Case 10: \ B wants to match the word I, not the word I


2. Main functions:

  • Match (regular model, string to be matched, flags = 0), matching starting from the starting position. If the match is successful, an object is returned. If the match is not successful, None is returned, the difference with search is whether to start from the first position. Cooperation required

  • Search (regular model, the string to be matched, flags = 0, browse the entire string to match, until a match is found, None is returned if no match is successful.

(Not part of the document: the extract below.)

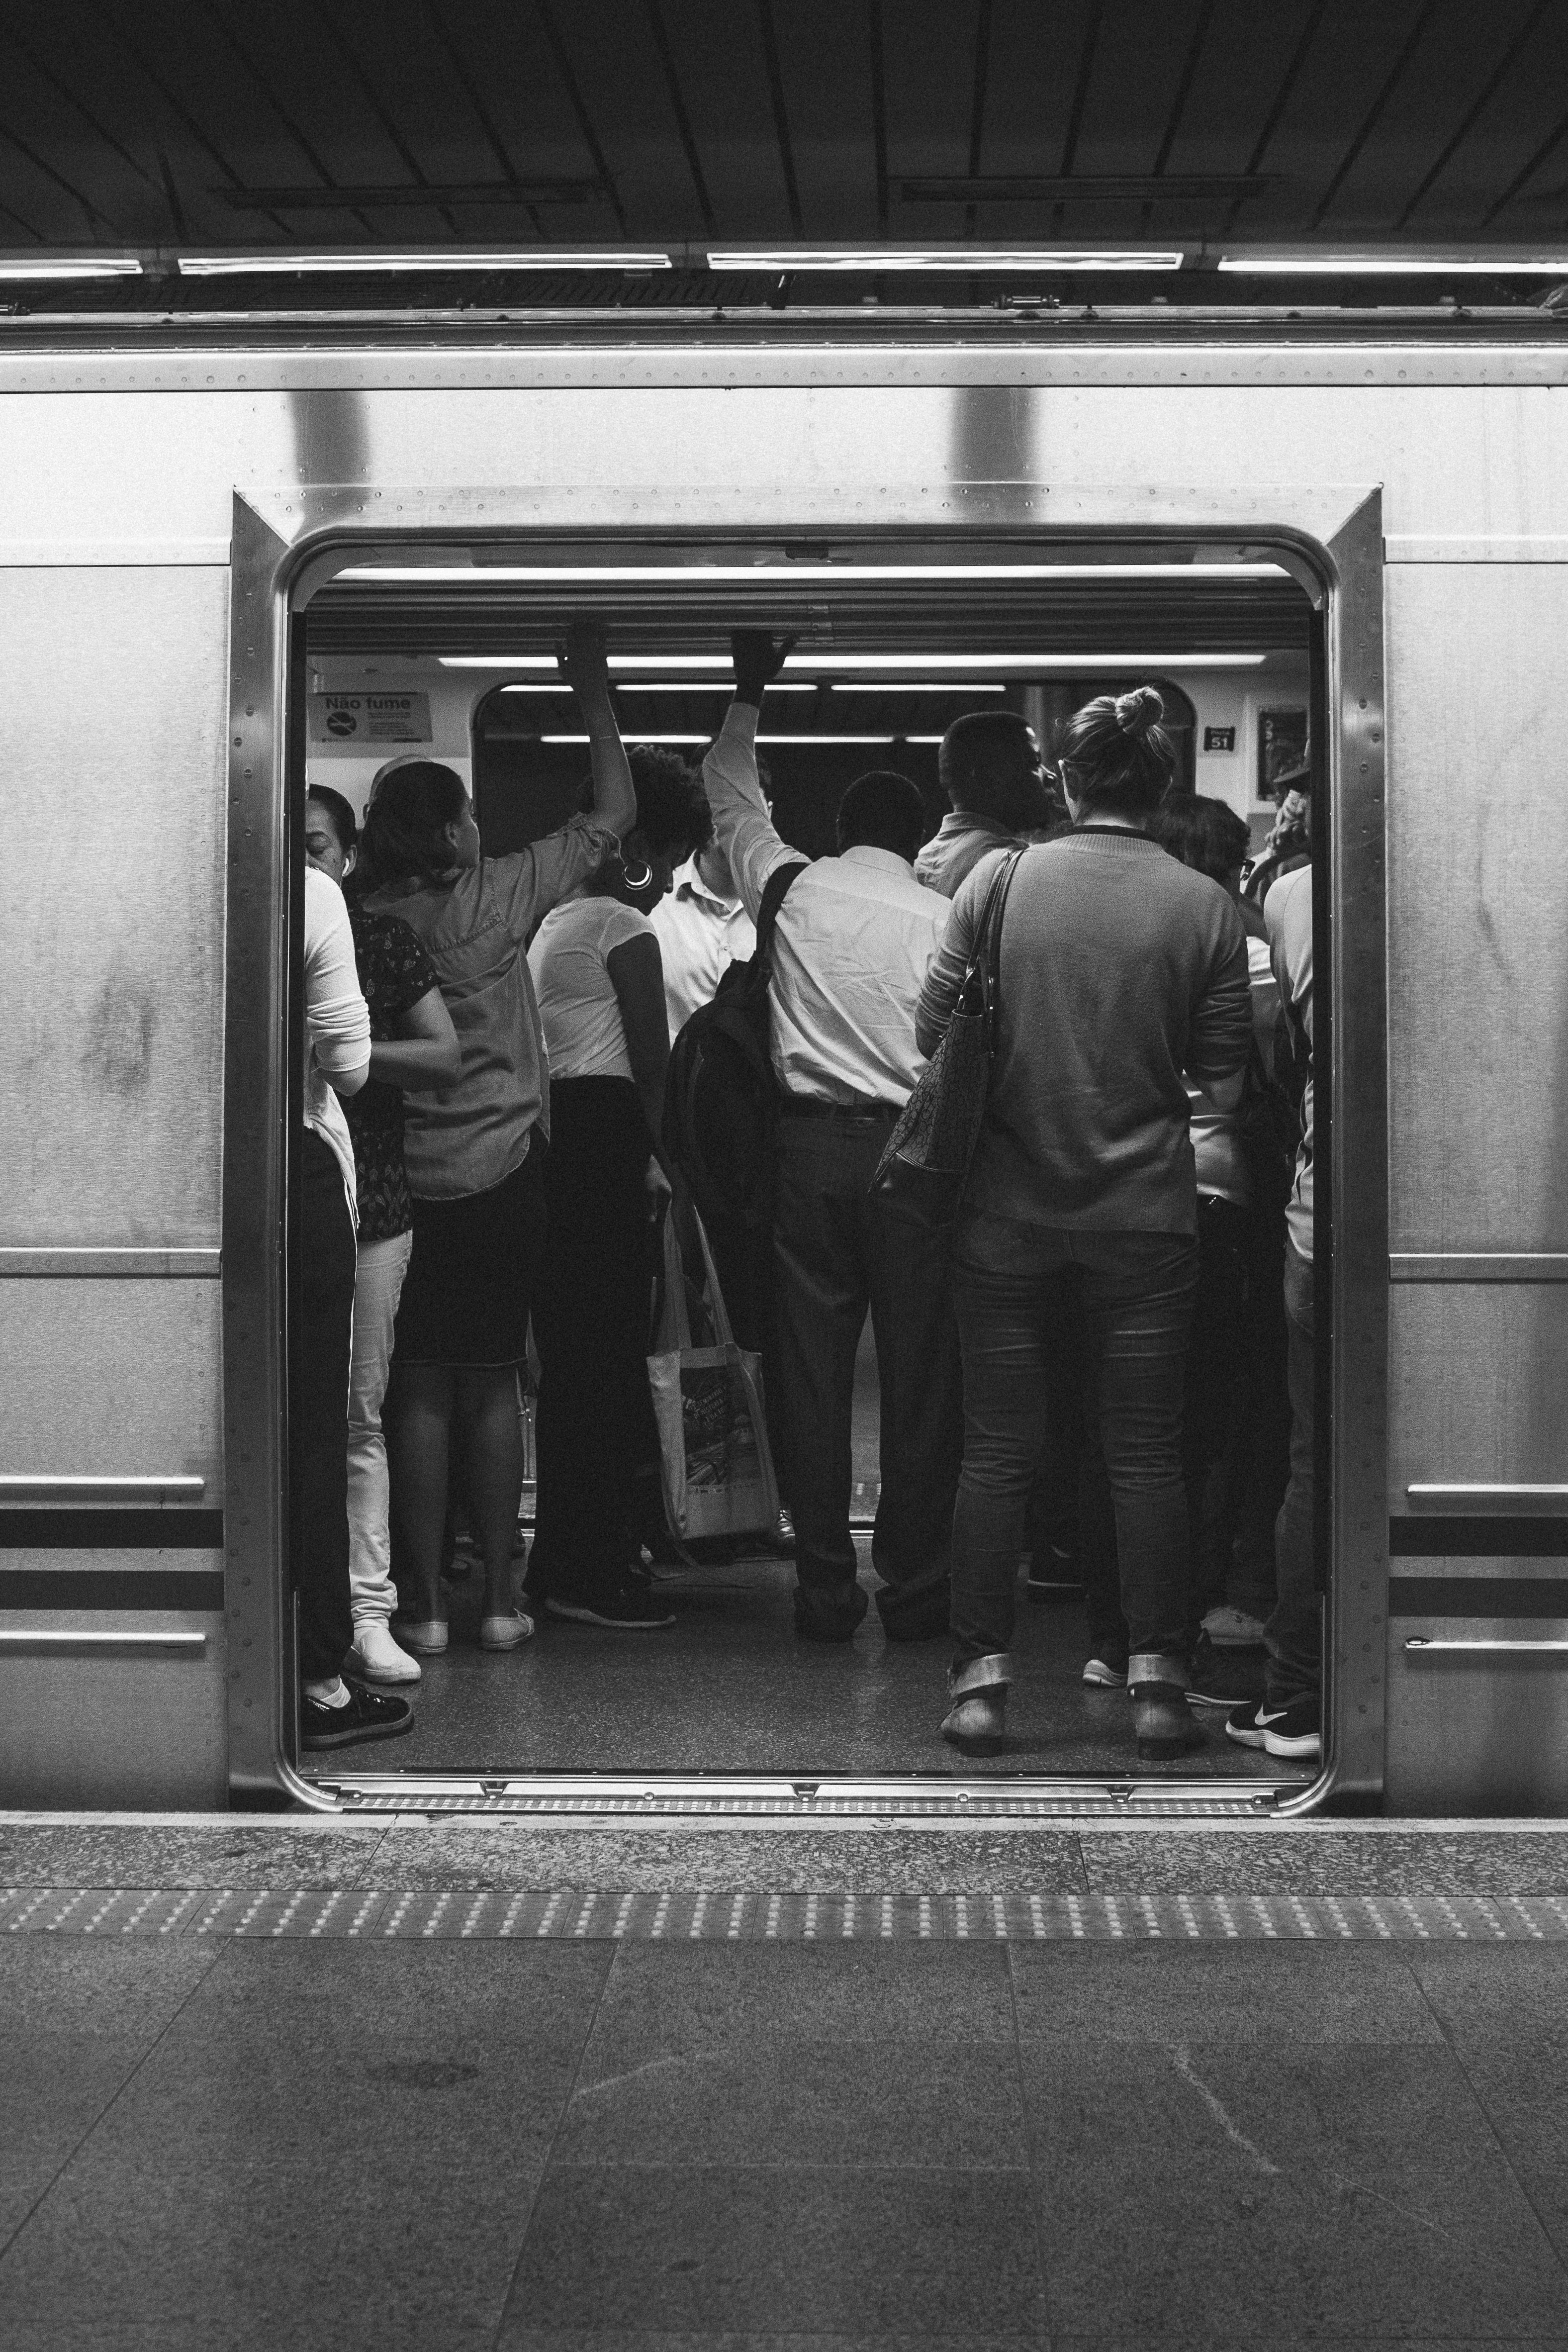 Targetes de Transport Públic

  • Findall (regular model, string to be matched, flags = 0) Browse all strings, match all string matching rules, and put the matched strings in a list, if no matching is successful, an empty list is returned. The matched string is not involved in the next match

  • Split (regular model, string to be matched, specify the number of splits, flags = 0) Splits string based on regular match, returns a list after segmentation

  • Sub (regular model, string to be replaced, string to be matched, specify the number of matches, flags = 0), replace the matched string at the specified position.

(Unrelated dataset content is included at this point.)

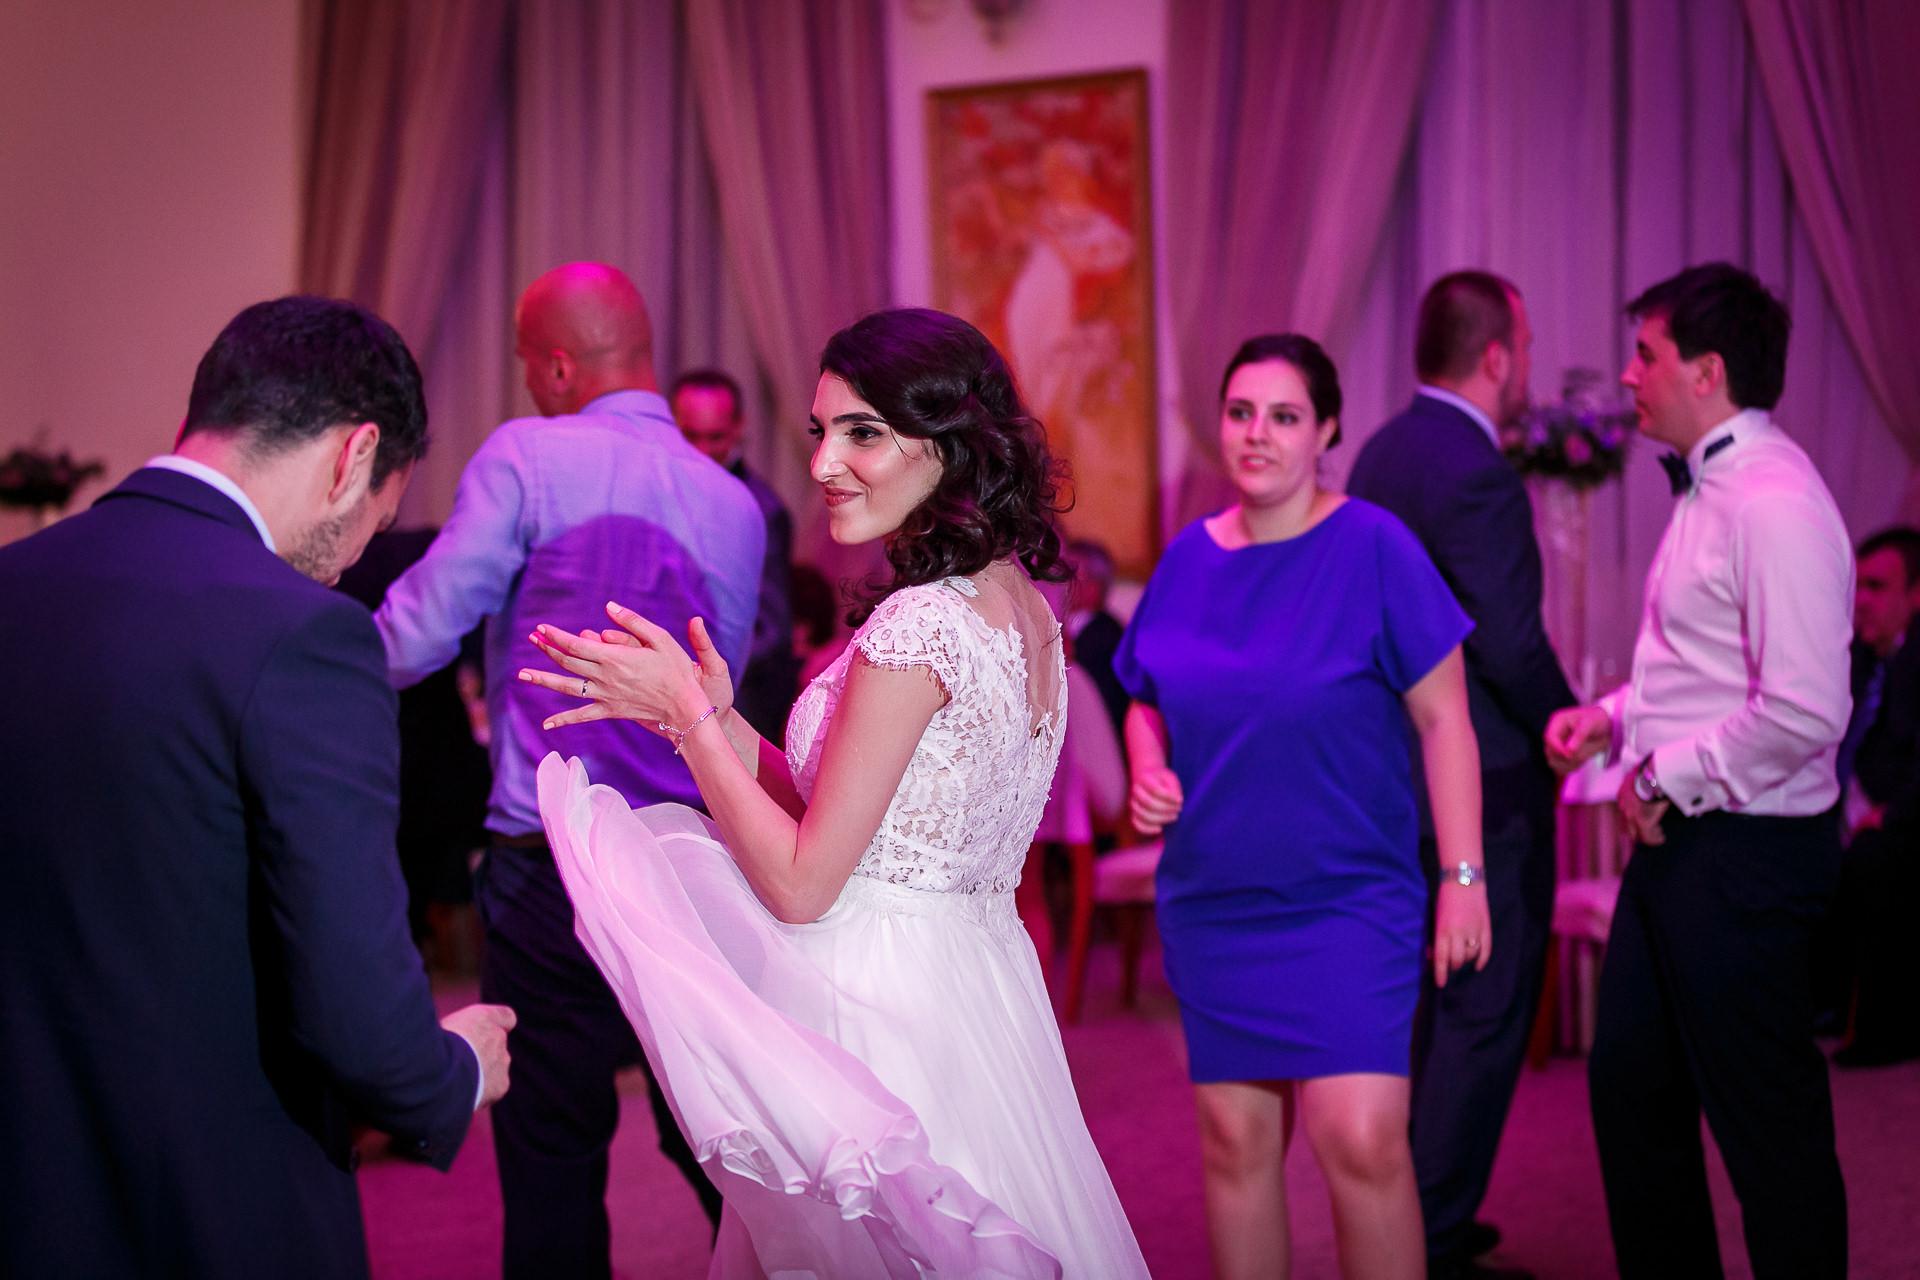 nuntă Salon Elisabeta - Elena şi Costin - Mihai Zaharia Photography - 066

  • Subn (regular model, string to be replaced, string to be matched, specify the number of matches, flags = 0), replace the matched string at the specified position, and return the number of replicas, you can use two variables to receive them separately.

  • Re. compile (pattern [, flags]): converts the regular expression syntax into a regular expression object. The flags definition includes:
    Re. I: case insensitive
    Re. L: Special Character Set \ w, \ W, \ B, \ B, \ s, \ S depends on the current environment
    Re. M: multiline Mode
    Re. S: '.' And any characters including line breaks (Note: '.' does not include line breaks)
    Re. U: Special Character Set \ w, \ W, \ B, \ B, \ d, \ D, \ s, \ S depends on the Unicode Character Attribute Database

Group: the group is matched with the obtained items.

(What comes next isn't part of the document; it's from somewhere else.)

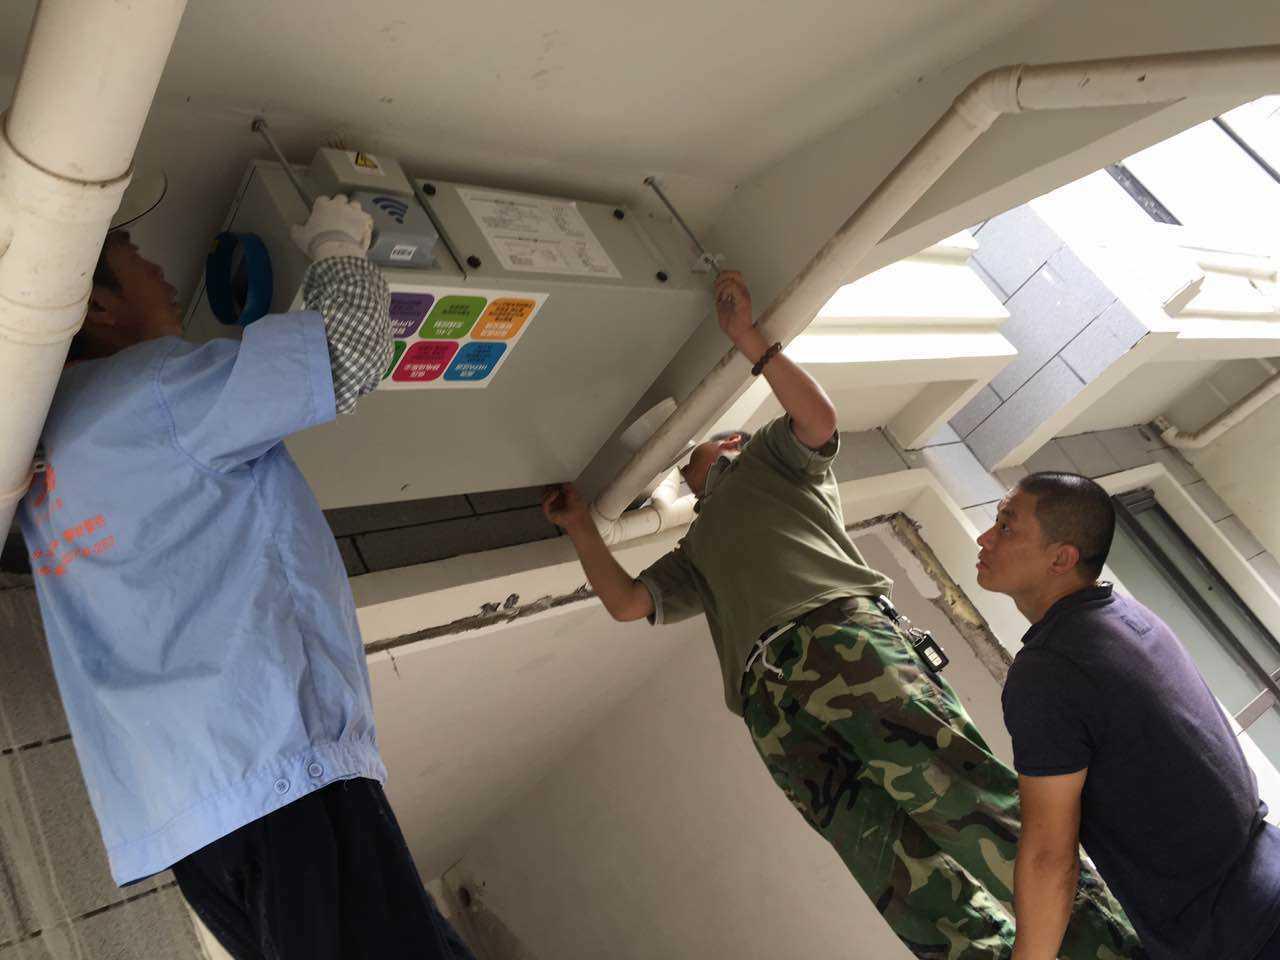 新风系统品牌 买新疆新风系统就来森林之歌智能科技

  • Group () is used to obtain all matched results. No matter whether a group exists or not, all matched results are obtained. The number of matched parameters is 2.

  • Groups () gets the matching grouping results in the model and returns only the grouping results of the matched strings.

  • Groupdict () gets the matched grouping results in the model, and only obtains the group results of the key defined in the group part of the matched string.


Case 11: match and group effects

Case 12: Group

Case 13: Effects of groupdict

Case 14: findall + grouping

Case 15: split + group

Case 16: Replace sub

 

Source URL: https://www.jianshu.com/p/df2e26c5b2b5


Program link: https://pan.baidu.com/s/1nuDdaGh password: dvzj

Copyright Disclaimer: This article is an original article by the blogger and cannot be reproduced without the permission of the blogger.

Contact Us

The content source of this page is from Internet, which doesn't represent Alibaba Cloud's opinion; products and services mentioned on that page don't have any relationship with Alibaba Cloud. If the content of the page makes you feel confusing, please write us an email, we will handle the problem within 5 days after receiving your email.

If you find any instances of plagiarism from the community, please send an email to: info-contact@alibabacloud.com and provide relevant evidence. A staff member will contact you within 5 working days.

A Free Trial That Lets You Build Big!

Start building with 50+ products and up to 12 months usage for Elastic Compute Service

  • Sales Support

    1 on 1 presale consultation

  • After-Sales Support

    24/7 Technical Support 6 Free Tickets per Quarter Faster Response

  • Alibaba Cloud offers highly flexible support services tailored to meet your exact needs.